# Sick of being single!



## Heidi33 (Apr 2, 2013)

Just need a rant!

I'm 37.5, often told I'm good looking with a good figure, have a nice personality, good job etc but I'm still single 

I haven't had a serious boyfriend for over 10 years. Since them I haven't had anything that's lasted beyond 2 months. I admit I'm fussy which doesn't help and I have had a few guys interested this last year but sadly I haven't fancied any of them. About 6 months ago I had 2 guys with potential but sadly neither worked out. I haven't had sex for almost 2 years!

I miss the excitement of getting a text from someone you like, the calls, the physical stuff, the cuddles...

ATM there is nobody at all, not even potentials and I'm sick of it. I usually don't mind being single but ATM it's really bothering me.

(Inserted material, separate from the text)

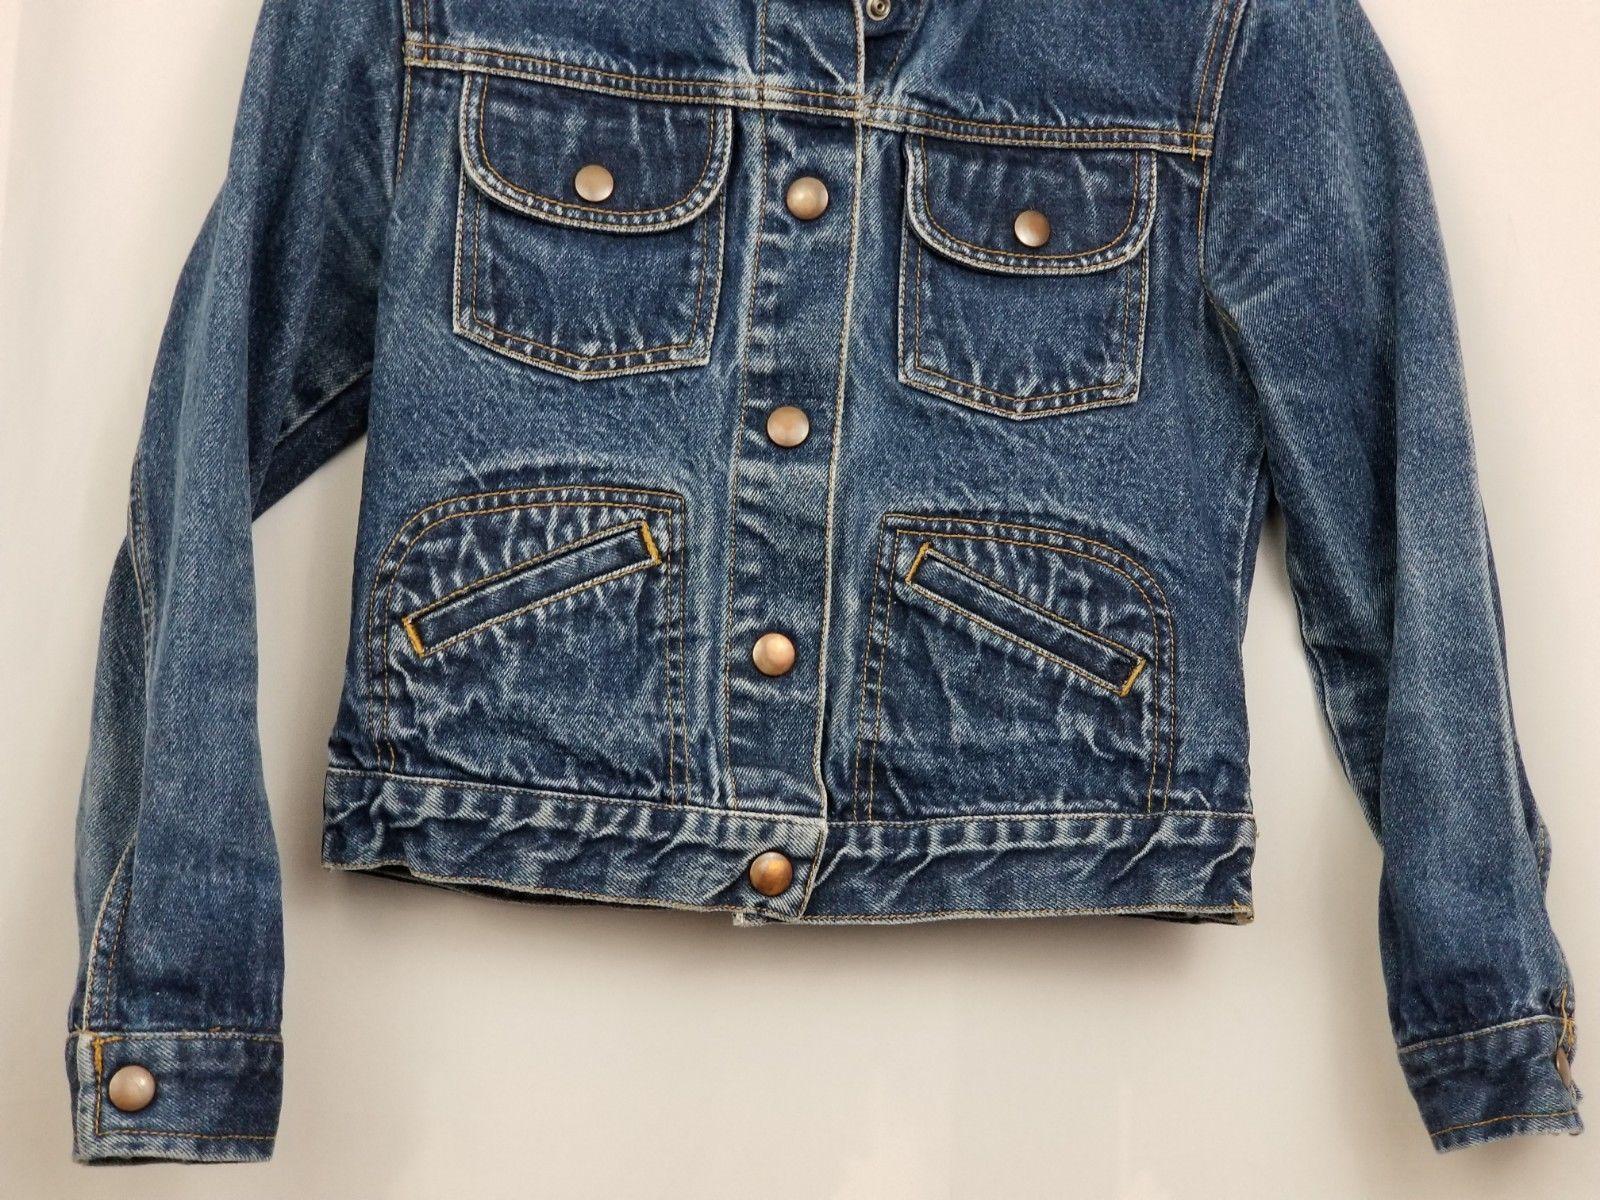 GAP Kids Denim Jean Jacket Coat Long Sleeve Blue Pockets Large Factory Store image 4

I am planning on trying to conceive in July with a co-parent. He's a lovely guy but I don't fancy him at all. If I do get pregnant I feel my love/sex life will surely become even worse bc no guy will be interested in dating a pregnant lady or one with a baby for sometime either  I just see my love/sex life dragged out ahead of me with ditto, zilch, nada.


I've long since ruled out a relationship now but id love to have a wee fling before I ttc but I don't even see that happening.oh dear.

Any other ladies feel like this


----------



## notamuggle (Jan 15, 2013)

Yes!

I've wondered for a long time what's wrong with me, why am I single? I too am incredibly fussy and can't really get on with Internet dating. I don't meet anyone at work as I am surrounded by women or older men already married and none of my friends know any single men. They keep telling me they don't know why I'm single as im lovely although my cousin thinks I give off KEEP AWAY vibes because I'm scared which might be a bit true. even so when I have gone out and decided to be really brave and make eye contact and smile at lots of men I just end up attracting nutters!

The most I've had in 10 years is a few drunken snogs and 3 blind dates! And I've been on my own so long now it's hard even imagining myself with a man although I'd drop anything for Benedict Cumberbatch at the mo  

Although since deciding to go it alone I feel surprisingly free

I've now changed my plan and now hope that if I'm lucky enough to get pregnant then in a few years time I'll me a lovely single dad whilst we're in the park playing with our kids and everything will fall I to place!

Here's hoping  x


----------



## LemonSponge (Jan 22, 2013)

I'm not sick of being single yet - only just out of a long relationship. One thing i noticed over the years though is that so many of my colleagues at work who are lovely people, attractive and have a secure job, struggle to meet anyone. I think the social network age has created a misconcecption that it's easier to date and meet people. In reality, it's not like that. I know so many people who you imagine would be fighting off potential dates, but they have been single for years. 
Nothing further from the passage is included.